--- Task input Enclosed Below ---

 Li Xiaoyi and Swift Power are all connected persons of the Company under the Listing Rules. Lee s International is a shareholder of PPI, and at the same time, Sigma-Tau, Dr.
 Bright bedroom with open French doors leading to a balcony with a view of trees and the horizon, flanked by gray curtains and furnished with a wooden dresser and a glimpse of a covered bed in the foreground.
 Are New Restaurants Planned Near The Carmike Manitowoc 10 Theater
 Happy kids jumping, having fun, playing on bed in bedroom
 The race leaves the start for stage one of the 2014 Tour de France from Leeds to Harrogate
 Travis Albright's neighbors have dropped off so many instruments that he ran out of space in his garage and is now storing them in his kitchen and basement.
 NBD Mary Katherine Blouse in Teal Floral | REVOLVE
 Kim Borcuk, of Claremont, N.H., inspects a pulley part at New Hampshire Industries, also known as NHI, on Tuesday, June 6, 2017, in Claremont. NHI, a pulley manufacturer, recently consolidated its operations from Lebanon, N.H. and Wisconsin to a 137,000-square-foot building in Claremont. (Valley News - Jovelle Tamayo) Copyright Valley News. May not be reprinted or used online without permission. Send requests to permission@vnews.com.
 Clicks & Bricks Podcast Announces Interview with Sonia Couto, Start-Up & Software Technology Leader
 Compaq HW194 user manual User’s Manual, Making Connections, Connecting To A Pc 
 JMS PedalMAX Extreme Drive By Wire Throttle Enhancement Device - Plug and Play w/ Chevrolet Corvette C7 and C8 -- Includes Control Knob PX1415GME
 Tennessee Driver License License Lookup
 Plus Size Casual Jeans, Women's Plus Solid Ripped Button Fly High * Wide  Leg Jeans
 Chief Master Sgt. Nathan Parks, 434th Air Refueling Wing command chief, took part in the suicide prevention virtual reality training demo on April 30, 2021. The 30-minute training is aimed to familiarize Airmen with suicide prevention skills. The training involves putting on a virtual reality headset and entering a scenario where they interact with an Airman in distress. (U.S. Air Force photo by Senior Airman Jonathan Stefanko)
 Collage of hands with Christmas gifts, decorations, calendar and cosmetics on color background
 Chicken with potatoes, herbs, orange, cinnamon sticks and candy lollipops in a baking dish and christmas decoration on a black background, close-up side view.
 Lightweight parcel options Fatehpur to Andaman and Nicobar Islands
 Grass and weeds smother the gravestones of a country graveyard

--- End of Enclosed Task input ---

In the entries above, count each line with "background"; reply with the total only.

2